Penguatan Kampung Literasi ITS: Meningkatkan Profesionalisme Petugas Taman Baca Masyarakat (TBM) Di Wilayah Kota Surabaya Melalui Program Mentoring Literasi Berimbang (Balanced Literacy)

Taman Baca Masyarakat (TBM) di Kota Surabaya didirikan oleh Pemerintah Kota sebagai upaya membangun literate environment. Dengan didirikannya TBM di tengah-tengah masyarakat diharapkan masyarakat memiliki akses yang mudah terhadap sumber bacaan. Dengan demikian tujuan untuk meningkatkan literasi masyarakat dapat segera terwujud dan upaya meningkatkan indeks literasi nasional dapat meningkat. Selain berfungsi sebagai layaknya perpustakaan umum, TBM menjadi tempat belajar dan bermain anak-anak sepulang mereka dari sekolah.
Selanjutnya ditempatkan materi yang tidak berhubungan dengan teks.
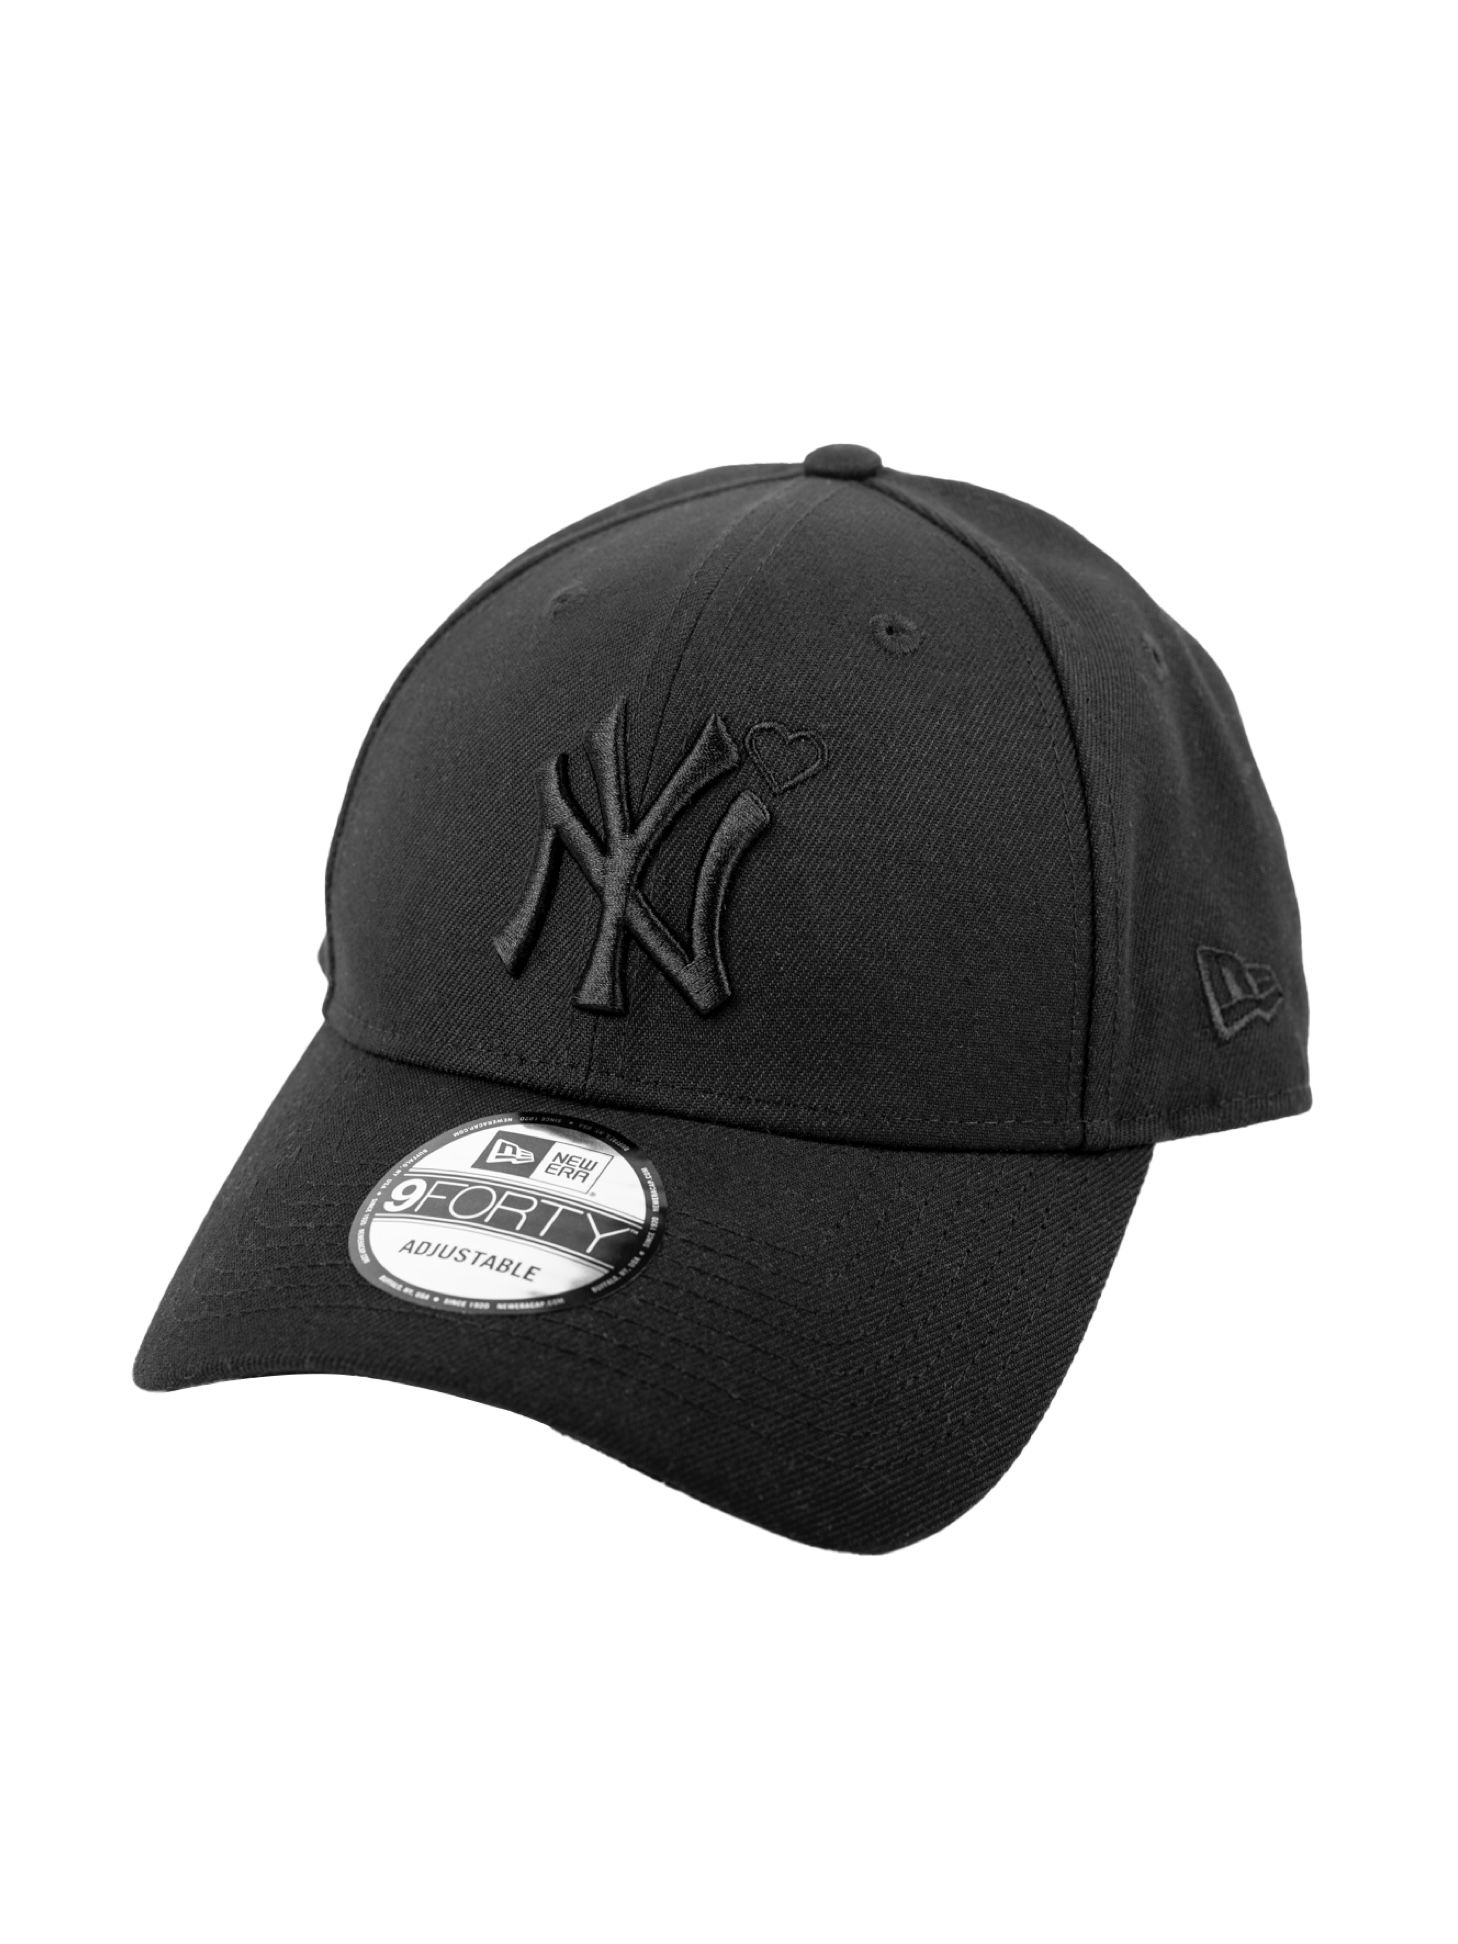 【完売品】BASICKS 24ss newera Yankees cap検討します

Diperlukan ketrampilan dan kemampuan yang memadai bagi seorang petugas TBM untuk dapat memberikan pelayanan bagi masyarakat. Petugas TBM yang direkrut oleh pemerintah Kota Surabaya dengan tugas pokok yang meliputi tugas administrasi, kepustakaan, dan tugas pengajaran. Multi tugas ini membutuhkan latar belakang pendidikan dan pengalaman yang mumpuni, akan tetapi kenyataan menunjukkan bahwa hanya 33.3% petugas TBM memiliki latar belakang pendidikan yang sesui dengan diskripsi tugas tersebut. Mengingat peran penting petugas TBM untuk menyukseskan program literasi maka diperlukan upaya untuk meningkatkan kemampuan pedagogy petugas sehingga kebutuhan literasi masyarakat dapat terlayani dengan baik.